The board has hired a global executive firm and the process is well under way. Hopefully, we'll have good news rapidly soon.

Operator

Thank you. And the next question comes from Eric Sheridan with UBS.

Eric Sheridan -- UBS -- Analyst

Thanks for taking the questions, two if I can. One on the hotel inventory side, any sense you can give us of how much progress you continue to make on adding inventory on a country by country basis to augment your efforts on the hotel side and whether the current macro volatility might be enabling some of those conversations as people look to fill yield in hotels and look for alternatives maybe with online platforms like yourself? And then around the loyalty program, just want to understand what some of the investments are that might need to be made in the loyalty program before you launch in 2019 and what you think it would do for a conversion over the medium to long-term on the platform? Thanks, guys.

Damian Scokin -- Chief Executive Officer

Okay. Eric, on the first question on hotel inventory, we continue to add hotels through our different sourcing streams. We increased the number of hotels that we source directly. And also, we did that through our affiliate networks being Expedia, outside of the America, and the other wholesalers or providers of room inventories that we source from. So that continues growth on that front.

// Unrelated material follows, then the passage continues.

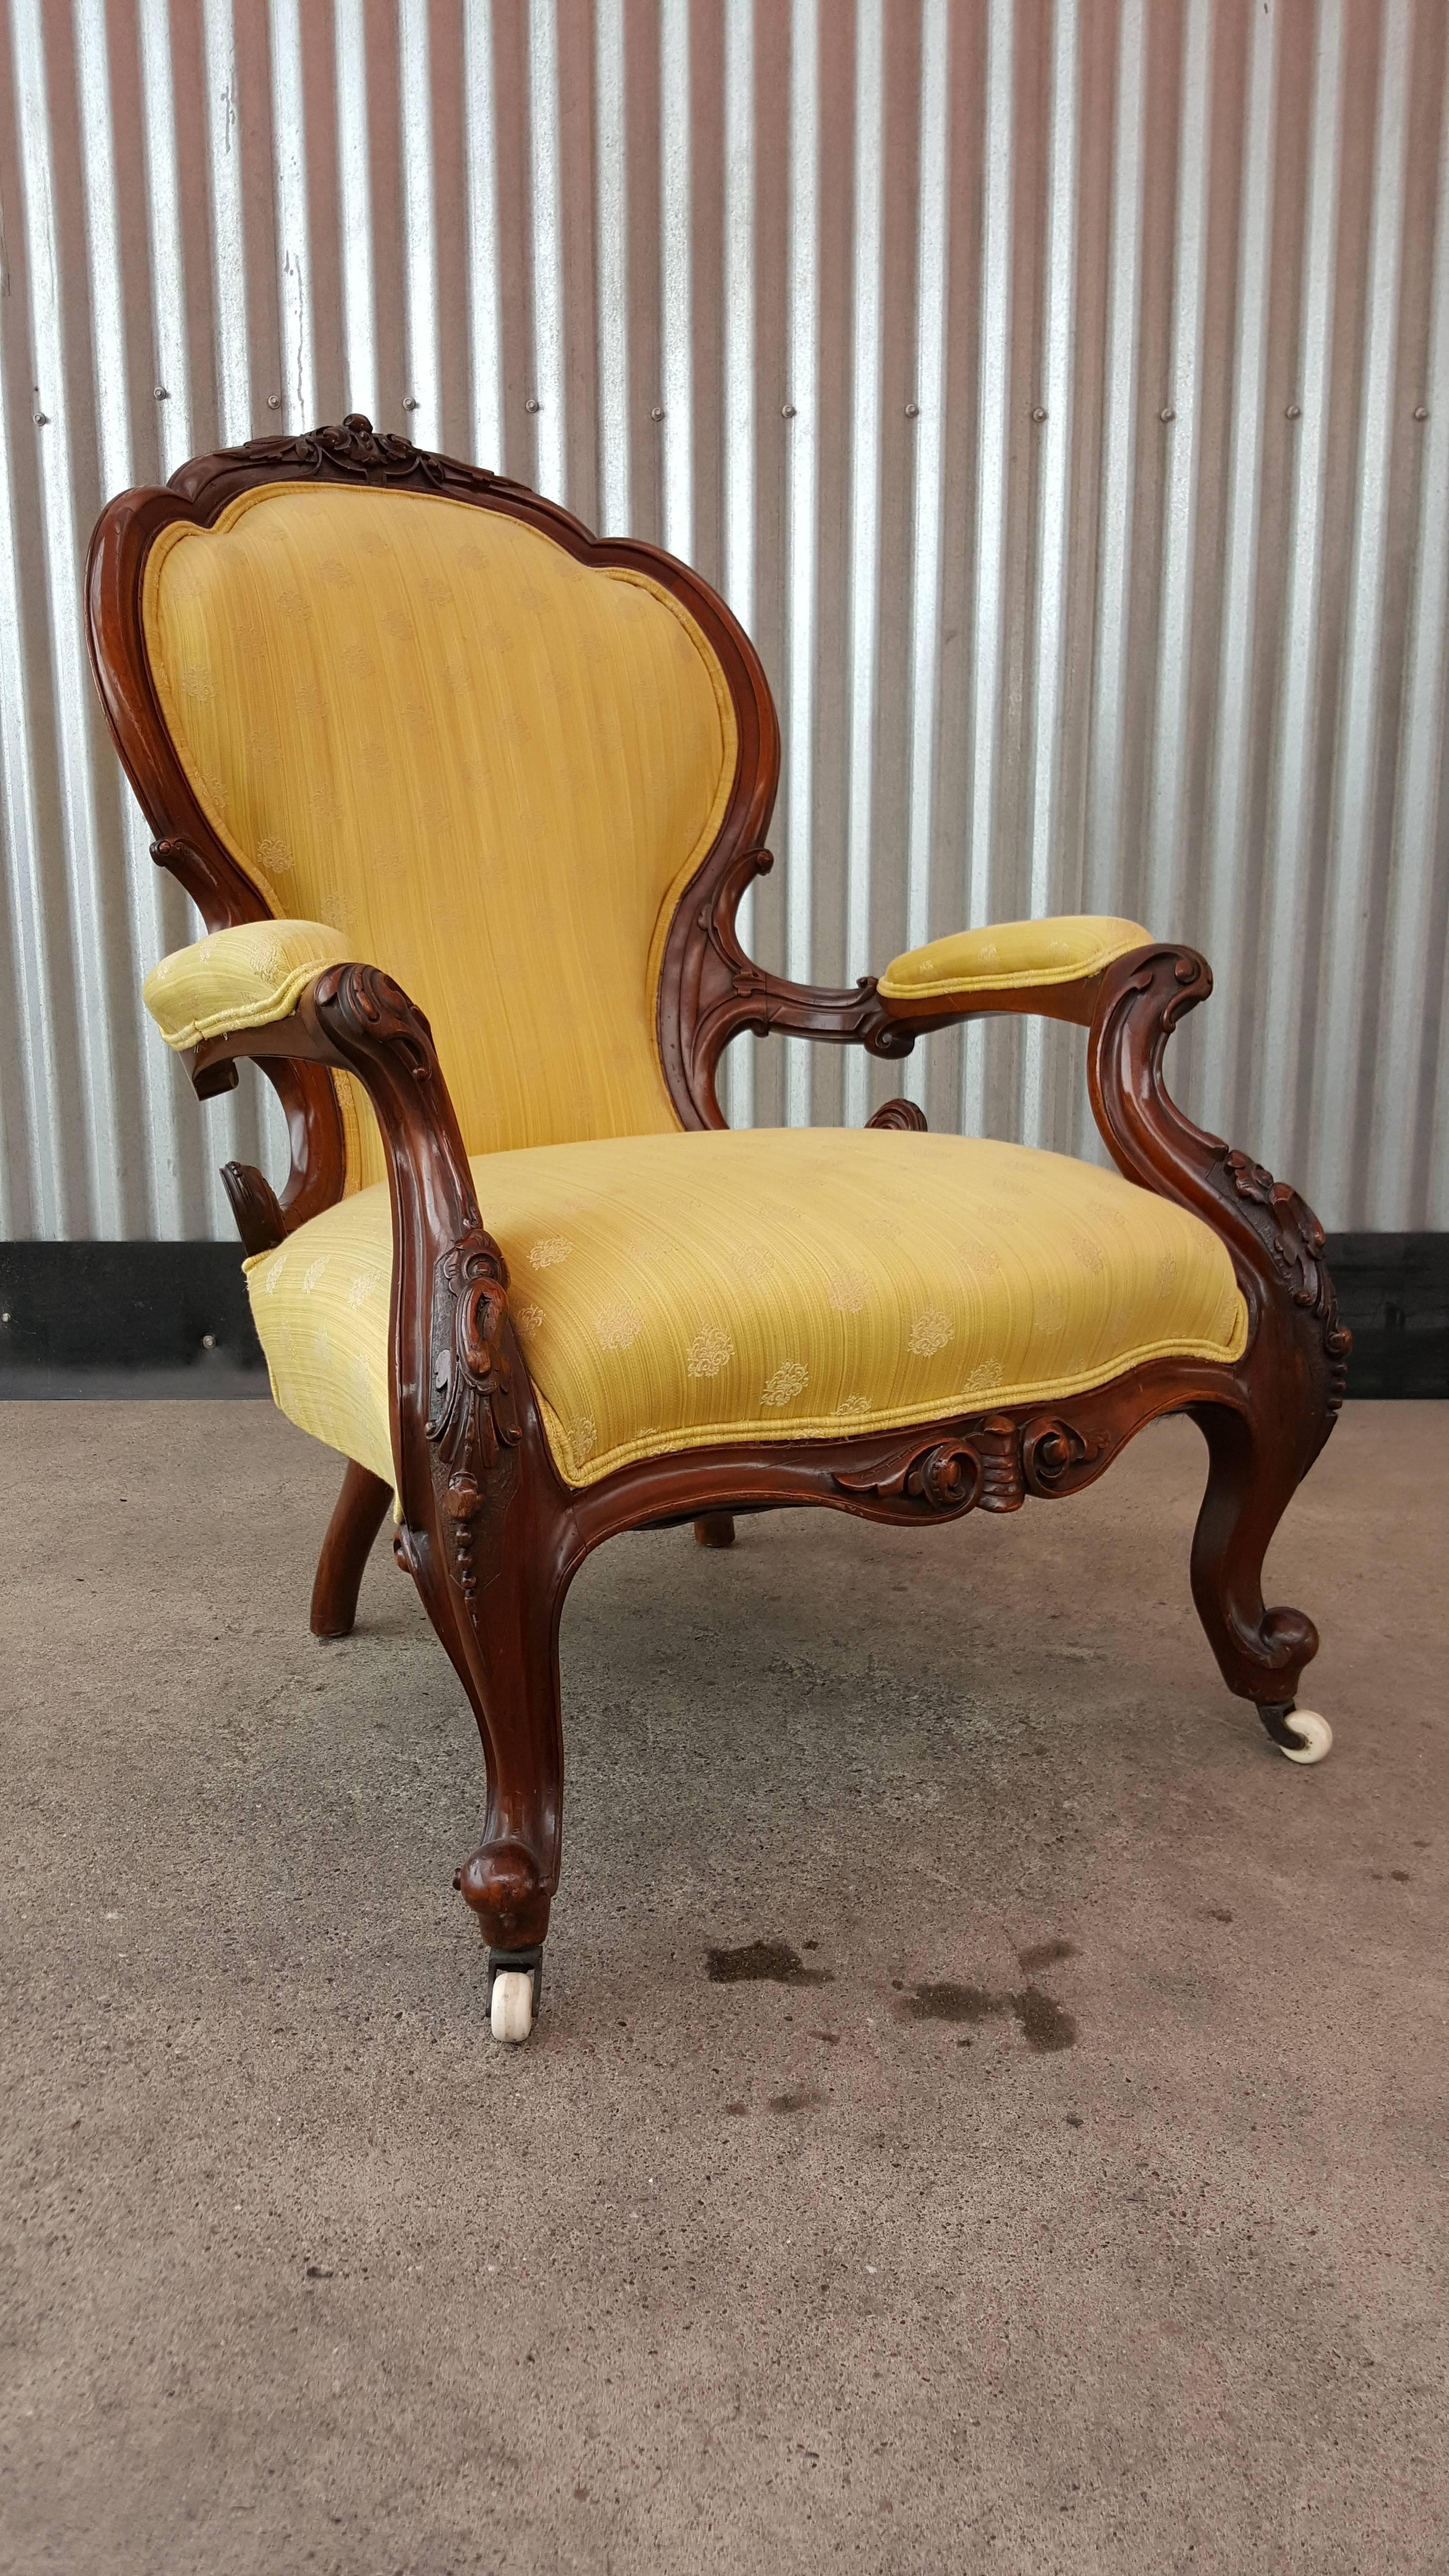 Fine craftsmanship and carved detail in this solid walnut armchair. Original porcelain casters. Beautiful patina and dramatic curves to solid walnut frame. Older re-upholstery is in good condition.

After the current macro conditions, the hotels are obviously looking for more ways to expand their revenue streams so that's a good context for us to continue growing on that front. But keep in mind we don't go for quantity here, we would like to keep a steady focus on a limited number of sources directly with who we can generate enough revenue for them and we can expect very good conditions. And the long time, we continue sourcing through third party providers. The second question was about loyalty programs and investment needed, is that correct?

Eric Sheridan -- UBS -- Analyst

Just the investments needed and what it might do to conversions long-term having such a loyalty program in place.

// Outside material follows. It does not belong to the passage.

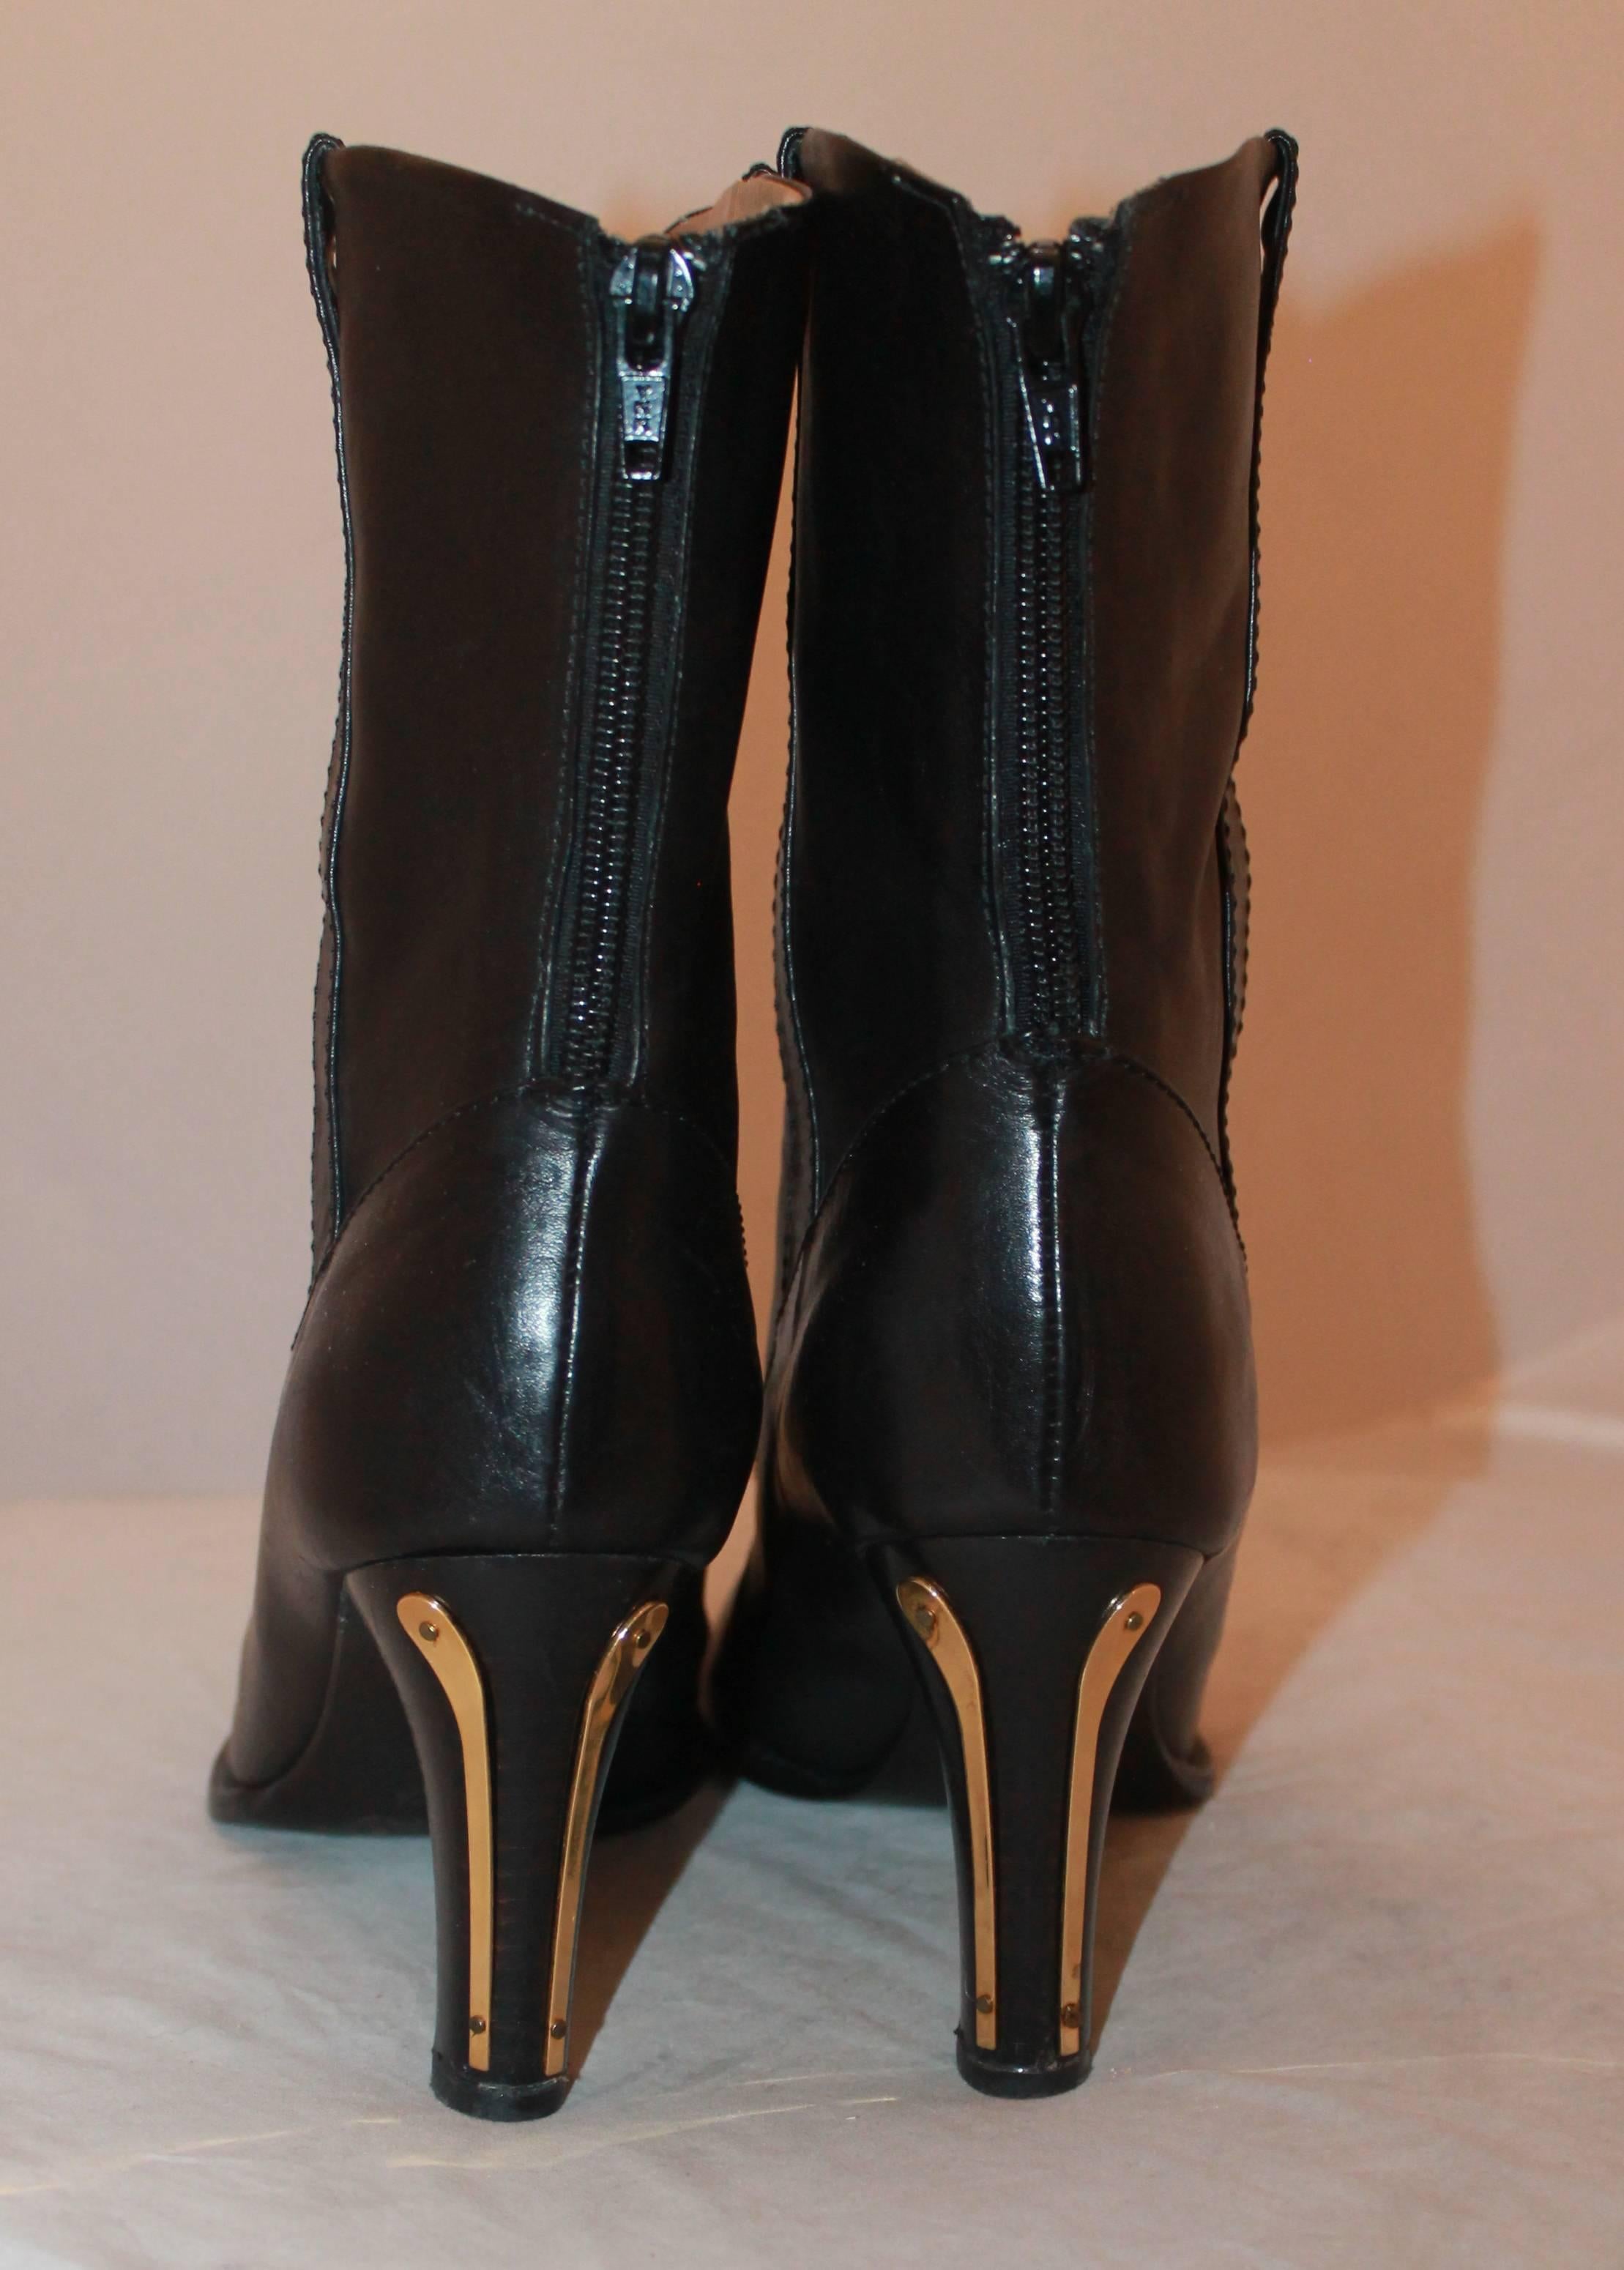 Women's Chloe Black Leather Boots with Gold Detail - 38.5

Damian Scokin -- Chief Executive Officer

Yes, well, we perceive our approach to the loyalty program is exactly that one is not a program that has the end to generate profits by itself but rather to support and enhance operations between clients and Despegar. So the asset focus of our loyalty program is increased conversion and increased repeat great of purchases.

As for the investments and the amount of that impact on conversion obviously, we have a business case that's very preliminary and we're gonna test and then from the real impact of that loyalty program on our conversion rate. We ask for specific investments. We have reached agreements with greater flags and are working on agreements with banks but we expect that we'll completely finance and pay for all investments required.

Operator

Thank you. And the next question comes from Brian Nowak with Morgan Stanley.

Brian Nowak -- Morgan Stanley -- Analyst

Thanks for taking my questions. I have two. Can you maybe talk to -- I know the macro environment is still a little bit unstable. Can you talk in terms of what you're seeing in hotel and other transaction growth at this point as we kind of get into mid-August? And then, what signs are you sort of looking for as evidence that it's time to sort of step on the performance marketing spend again to sort of focus more on traffic growth? How should we think about timing of when you look to reaccelerate that growth?

Damian Scokin -- Chief Executive Officer

As for the macro context, Brian, as you see the macro is impacting overall demand in two ways. One is for a few of our largest markets like Argentina, GDP growth expectations have been lower significantly since we last talked. In March, when we talked expectation for Argentine GDP growth were over 2% and now people are expecting an actual contraction for this year.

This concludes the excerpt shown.